Security of data on the internet has been a prevalent concern in recent years, as with increased advancements comes the increased risk of privacy breaches. Jitsi, an open-source video conferencing platform, is renowned for its security measures and often used to conduct meetings of a sensitive nature as a result. This is possible because of the JWT integration in place. This article aims to break down the steps you can take to integrate JWT into Jitsi on your own servers.
Before moving into the integration of JWT with Jitsi, you need to have a working Jitsi setup. If you do not have it already, you can read about it here or we can help you. Kindly email email@example.com for further details.
What is JWT and why use it with Jitsi
JSON Web Token - referred to in mainstream as JWT - is a dense, URL-safe means of representing the transfer of claims between two parties. It's commonly used for authentication and authorization purposes. JWT can be used to monitor access to video conferences on Jitsi as well as implement custom roles and permissions. It also enforces authentication upon users for a more streamlined and secure experience. You can engage in the following steps in order to integrate JWT with Jitsi:
How to integrate JWT with Jitsi
For your convenience, “jitsi-meet.example.com” will be used as the domain throughout this blog. Please replace it with your domain and make changes accordingly.
- Change prosody config file in path: /etc/prosody/conf.d/jitsi-meet.example.com.cfg.lua
Add app_id and app_secret and save them.
authentication = "token";
app_id = "your_app_id";
app_secret = "your_app_secret";
allow_empty_token = false;
2. Change jicofo config file in path: /etc/jitsi/jicofo/jicofo.conf
3. Restart services.
sudo systemctl restart prosody.service
sudo systemctl restart jicofo.service
Generate a JWT token
Go to https://jwt.io
You will find three segments HEADER, PAYLOAD and VERIFY SIGNATURE
HEADER: ALGORITHM & TOKEN TYPE are included.
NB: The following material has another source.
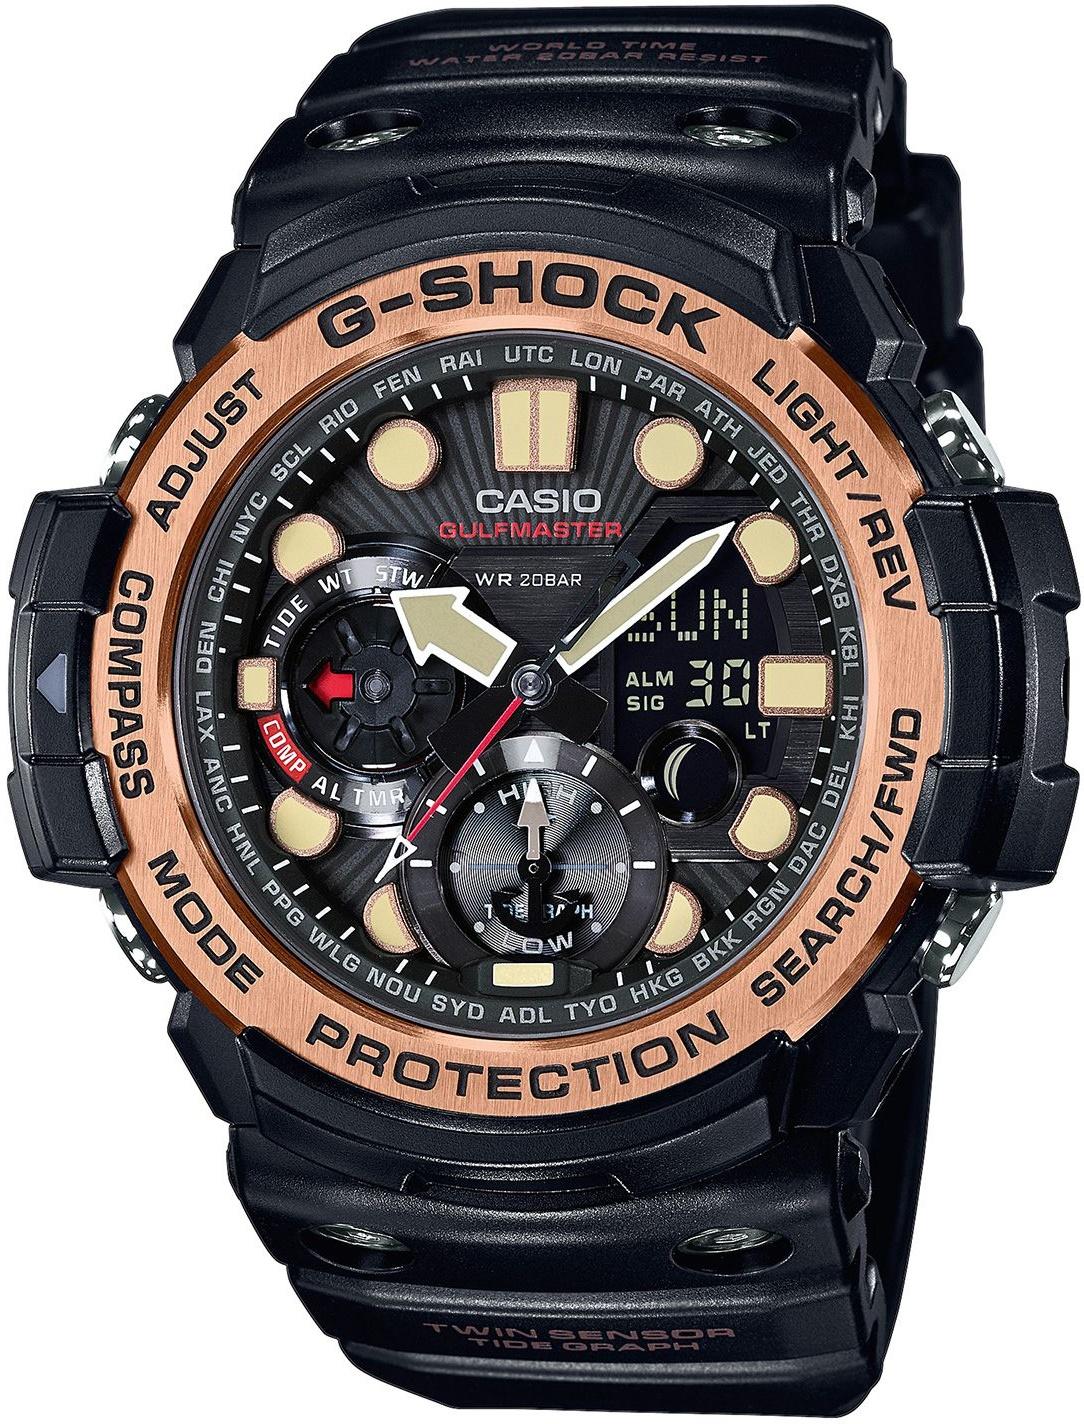 Мужские часы Casio G-Shock GN-1000RG-1AER

Leave it as it is.
PAYLOAD: Contains information about the entity and additional metadata. Below is an example of a payload.
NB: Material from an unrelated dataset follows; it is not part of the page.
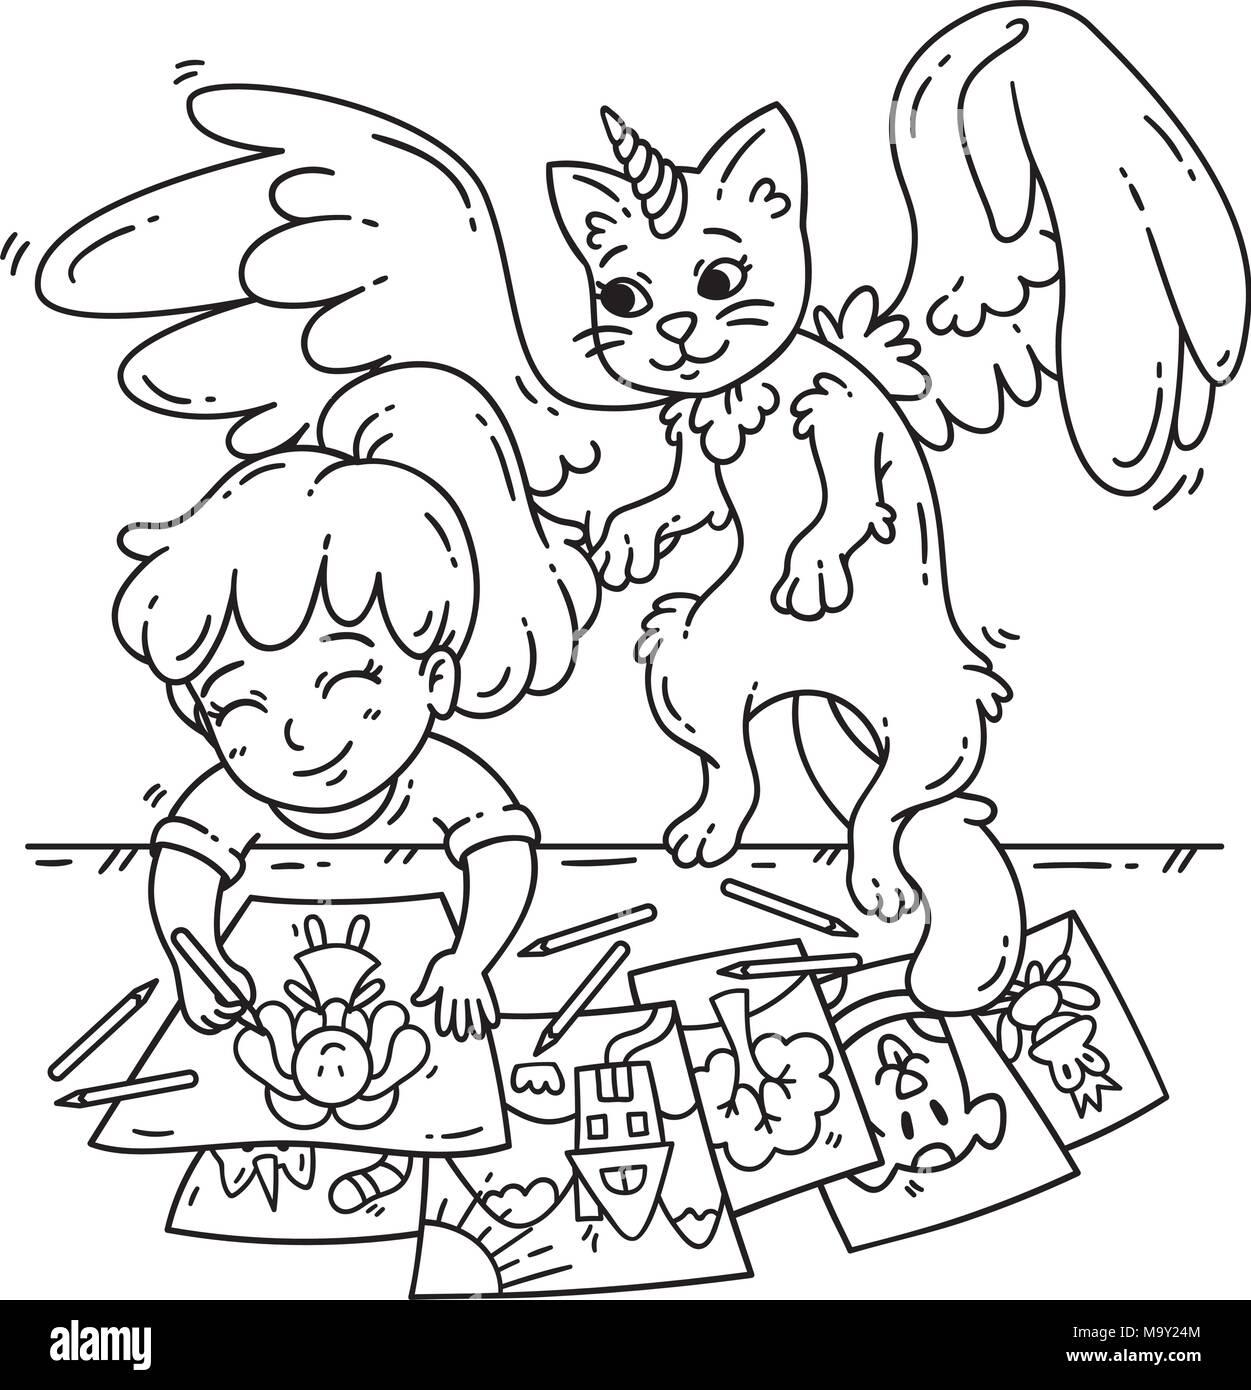 Único Monstruos Altos Para Colorear Embellecimiento - Dibujos Para ...

- avatar - add the URL of your client avatar
- name - name of your client
- email - email of your client
- iss - Your app_id (Added in prosody configuration file
- sub - Your xmpp domain (ex: jitsi-meet.example.com)
- exp - Your token expiration date in unix timestamp standard
- aud - Specifies the intended recipient of the token (the audience).
- nbf - The time before which the token is not valid in unix timestamp standard.
- room - Which rooms will be allowed by the token ('*' will make this token suitable for all the rooms)
- moderator - Whether to give moderator privilege or not to the user
VERIFY SIGNATURE: Add your app_secret here
Test the meeting
Copy the generated token (TOKEN) from https://jwt.io
Now initiate a meeting on Jitsi Meet by sending the generated TOKEN with the meeting URL: https://jitsi-meet.example.com/roomName?jwt=TOKEN
This process is uncomplicated and results in an added layer of security to your meetings on Jitsi, which increases authenticity as well as ensures the safety of the data shared within meetings. JWT is among some of the most optimal security tools available in the market. Others that can be integrated into Jitsi include Secure Domain, Single Sign On and LDAP. Your meetings on Jitsi are only a few straightforward steps away from being fully secured.